In Figs. 13 and 14, we have estimated the mean and 95% confidence intervals, absolute and normalized to the mean, respectively, for the ten random paths displayed in Figs. 10 and 11. The amplitude of the confidence interval, defined by the standard error, varies depending on the widow size. For all cases, the amplitude was maximum at the smallest scale and approaches 0 at the maximum, where all paths converge at the mean of the site. However, we could observe differences along the path, which are site and variable (species profile index, or intermingling) dependent. Main differences were observed in the converging speed, which was already pointed out for Figs. 10 and 11.
Figure 13
Fig. 13

Confidence interval plots for Zusmarshausen (on the left) and Ottobeuren (on the right). The blue line represents the mean value for each of the growing window paths (see Fig. 12) and the dashed lines the 95% confidence interval boundaries

Figure 14
Fig. 14

Confidence interval plots for Zusmarshausen (on the left) and Ottobeuren (on the right), normalized to the mean, for the species profile index on the top panel and species intermingling on the bottom panel. The blue line represents the mean value for each of the growing window paths (see Fig. 12) and the dashed lines the 95% confidence interval boundaries

In Zusmarshausen in the case of the species profile index, the amplitude of the confidence interval remained constant with just a local minimum at 450 ha, while in Ottobeuren, it decreased rapidly, already converging at 250 ha, and remaining narrow from this point on. For the species intermingling, tendencies were similar but with some clearer differences. In Zusmarshausen, the amplitude was wider and decreases monotonically until it converged at the maximum site’s area, while in Ottobeuren also a minimum at ~ 250 ha was achieved converging at 1000 ~ha, similarly to the species profile index.

Discussion

Single-tree model structure sensitivity

Being SILVA a single-tree simulator where the location of all trees is known, structural indicators, which are closely connected with biodiversity, could be estimated directly from the tree lists that the simulator provides at each simulation period, in contrast to simulators based on stand variables, which would have strong limitations analyzing structures that arise from the distribution of individual trees. Moreover, as the connection to biodiversity is based on the distribution at tree level of certain species or their intermingling, this issue arises to be of capital importance for works like this, and for their future development (Crookston and Dixon 2005; Fahlvik et al. 2014; Pretzsch et al. 2017, 2002).

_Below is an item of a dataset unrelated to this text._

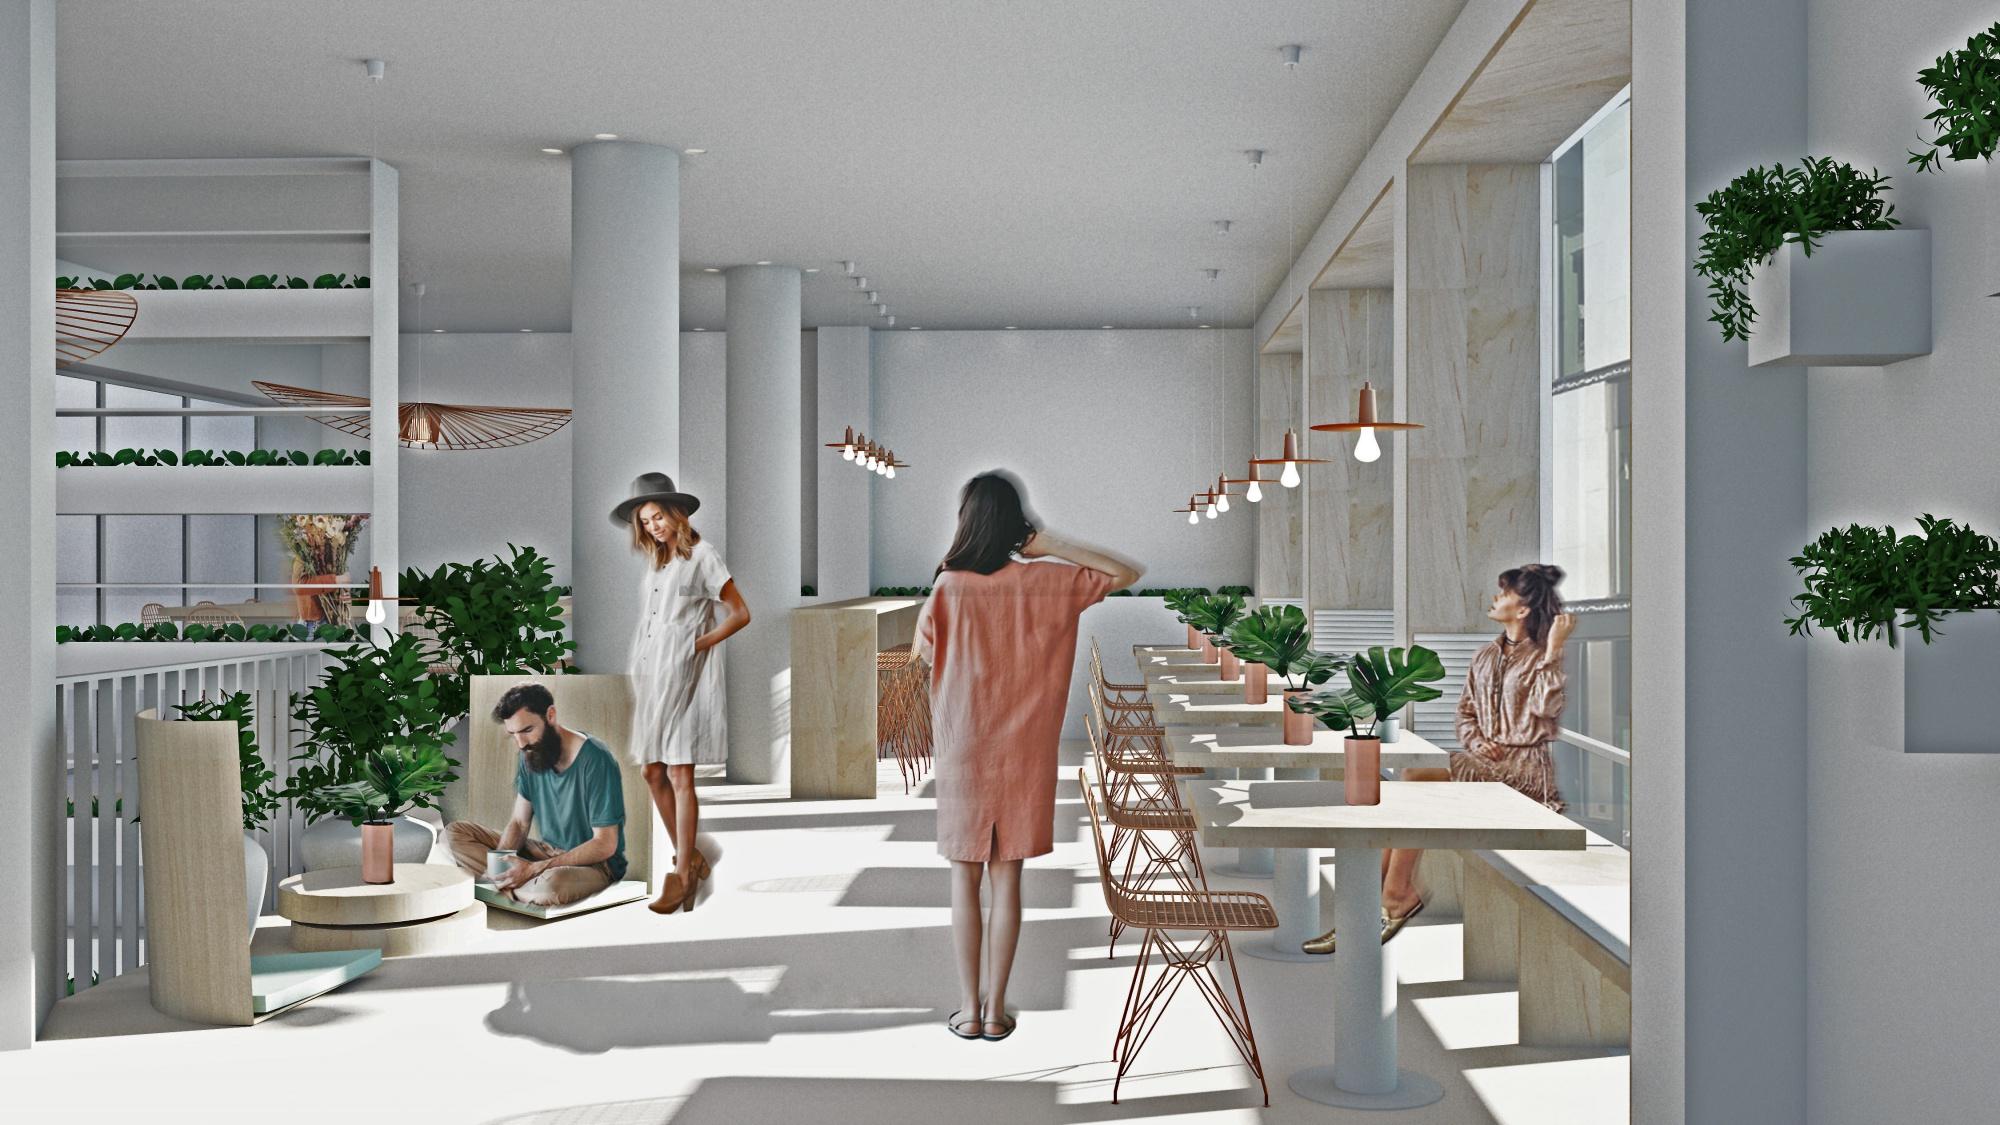 farben im interieur geschickt eisetzen 3d visualisierung, thema hochschulen - seite 9 von 11 - bund deutscher innenarchitekten, Design ideen

The results we obtained showed the high sensitivity that simulations show across the entire ecosystem unit. Even if up to now each inventory point is not simulated independently but in strata, the evolution of each region on the ecosystem scale remained very realistic, as we will describe in detail in the following. Moreover, the management practices which we chose for each scenario followed the expected trends. It is especially significant to observe the very different diversity scenarios after 50 years, with two different management strategies showed results that point towards completely different types of forest ecosystems depending on management decisions. Implications of forest management, which depend on bio-socio-economic and climate trends, on biodiversity could be distinguished based of forest growth simulations.

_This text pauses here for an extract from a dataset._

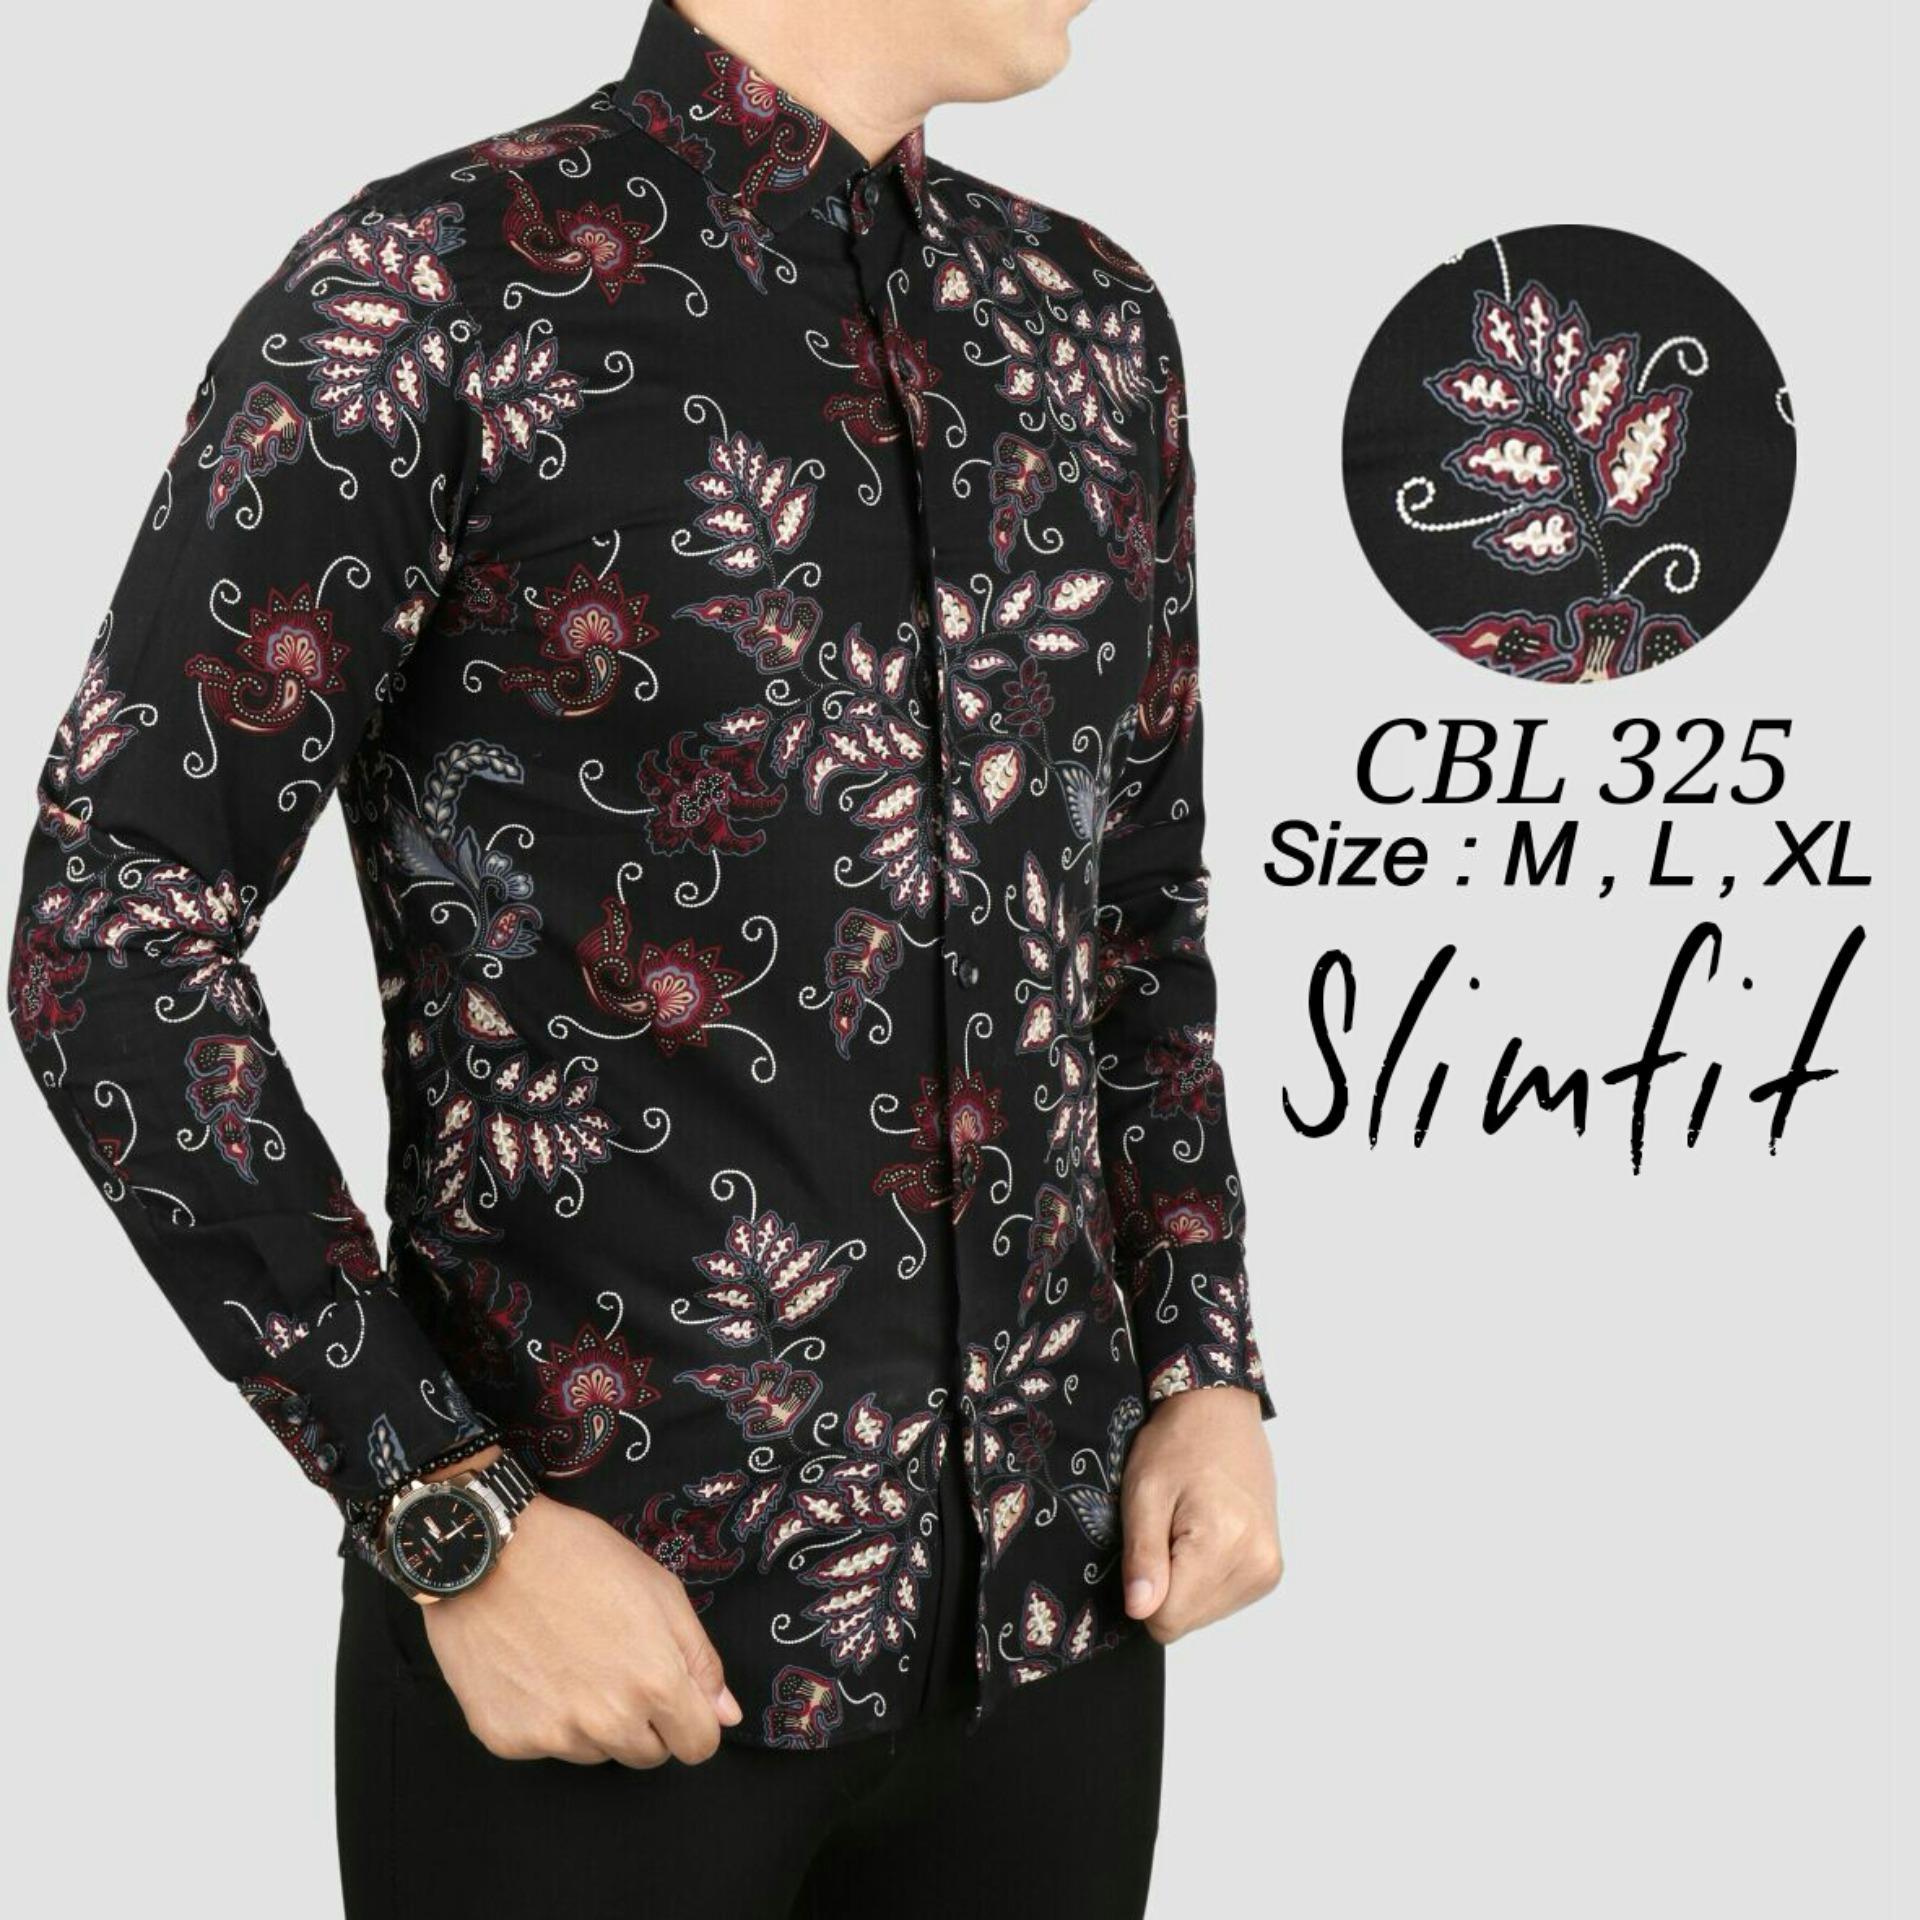 Kemeja Slimfit CBL 182 - Exclusive Premium Elegan

Impact of treatments in the output diversity indicators

Management operations, i.e., thinning types, intensity, and final felling, were selected in order to achieve specific timber demands for each scenario. Thus, diversity outputs were a consequence and not the management goals. This means that our intention was to evaluate the impacts that management decisions within the society/economic environment have on biodiversity, seen as an ecosystem service. Our results showed the tendencies for a first simulation period of 50 years, even if the intention of this study is to show long-term simulations, which was enough to allow an assessment of management effects on habitat biodiversity (Griesser and Lagerberg 2012).

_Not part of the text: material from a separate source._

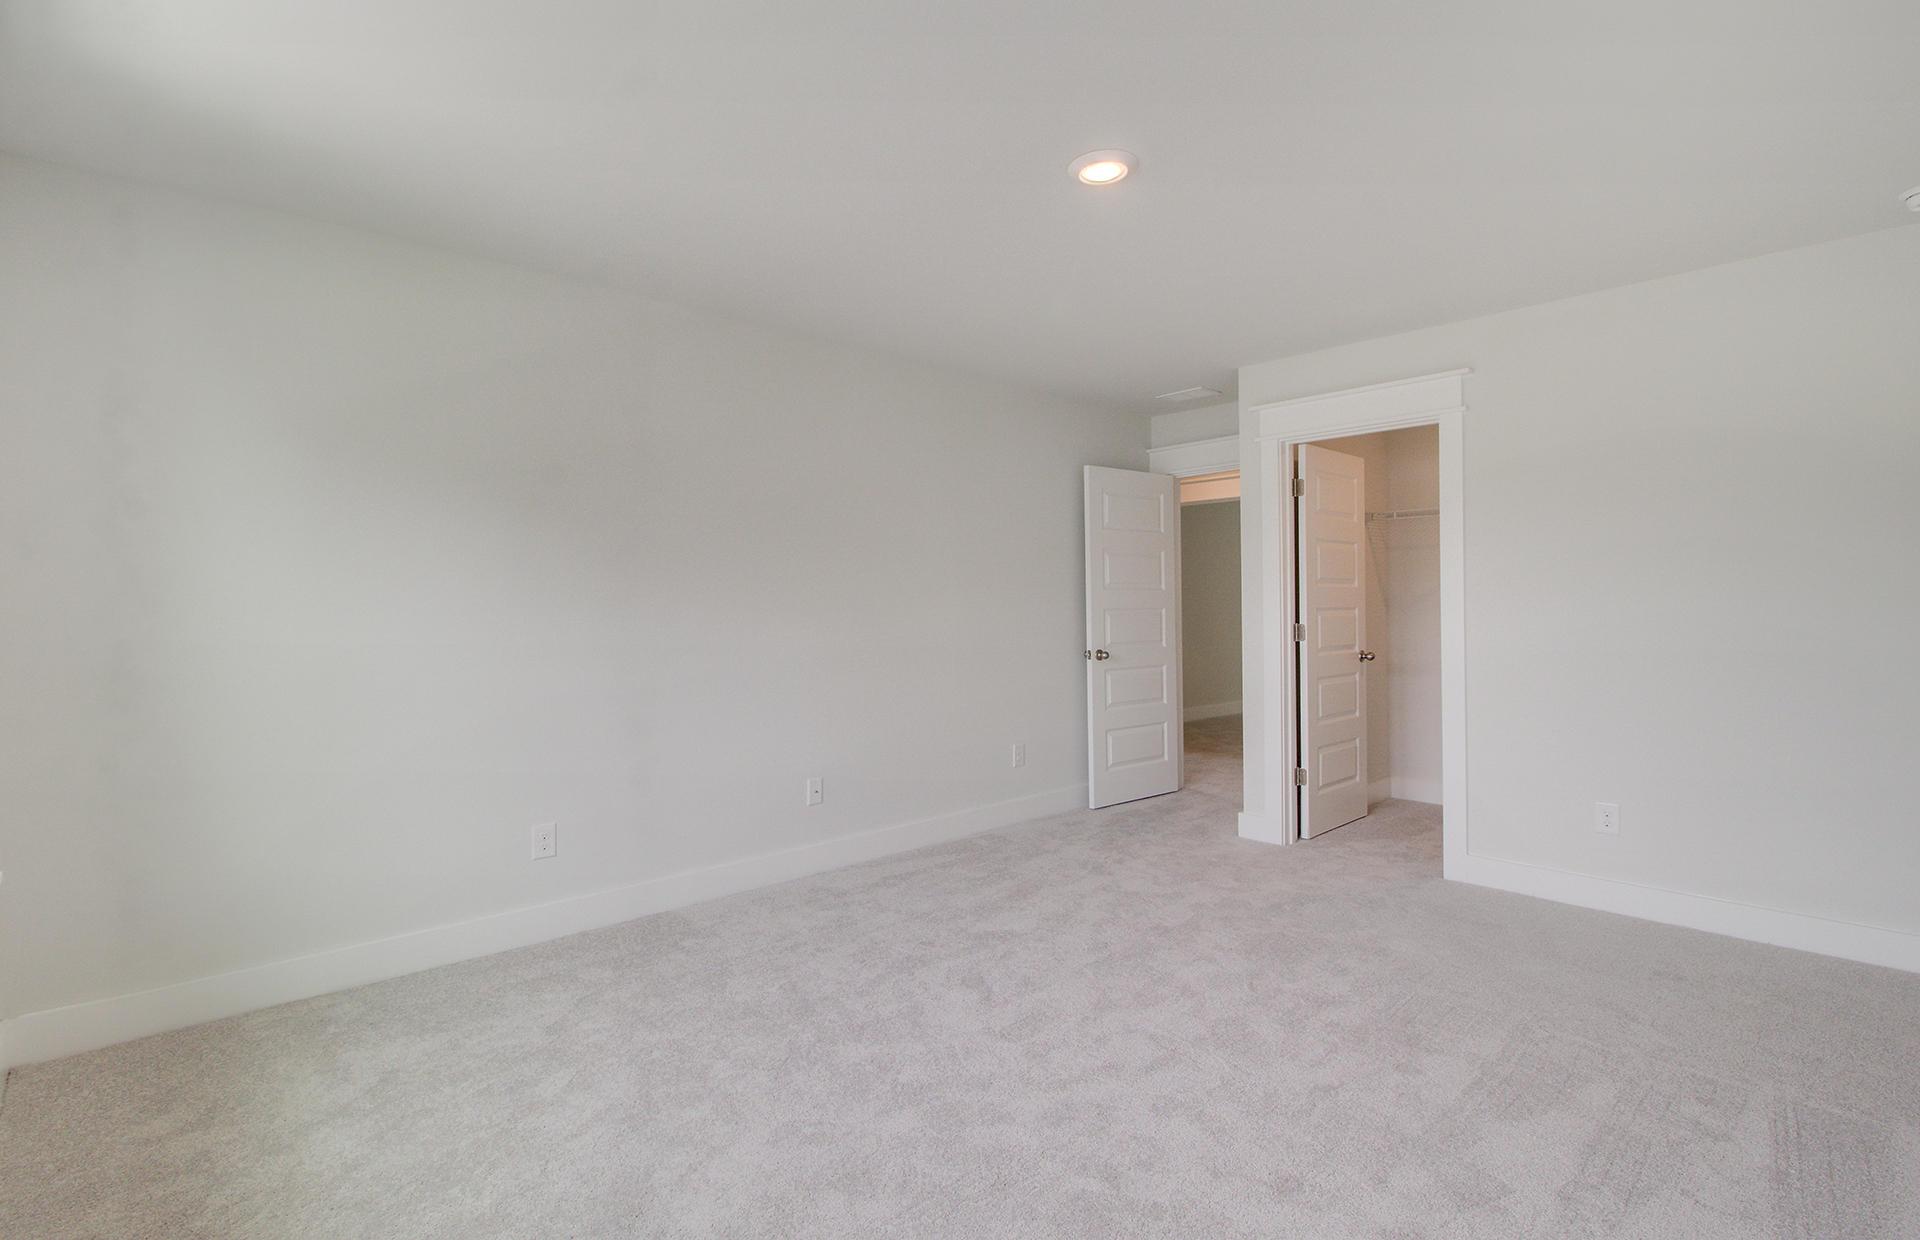 Park West Homes For Sale - 3013 Caspian, Mount Pleasant, SC - 19

The consequences derived from the selected management scenario were clearly appreciated. On the one hand, the selection of conservative management principles, summarized in the multifunctional scenario, clearly maintained sustainable high levels of diversity, which generally improved in the entire site, increasing connectivity areas with the highest levels of species profile index. This scenario favored especially late rotations with future tree thinning strategies, promoting species mixture and multi-layering while preserving constant standing volumes. On the other hand, management strategies that change the forest ecosystem into a bio-energy-dominated scenario, the diversity represented by the species profile index, dropped drastically. The management guidelines (see the “Frame scenarios from the GLOBIOM model” section) stablished in this scenario generated a quick timber extraction during the first periods, accelerating the decrease in diversity. Forest structure became more homogenous as big diameters were not needed and conifers, which grow faster and are more suitable for the industry, were promoted.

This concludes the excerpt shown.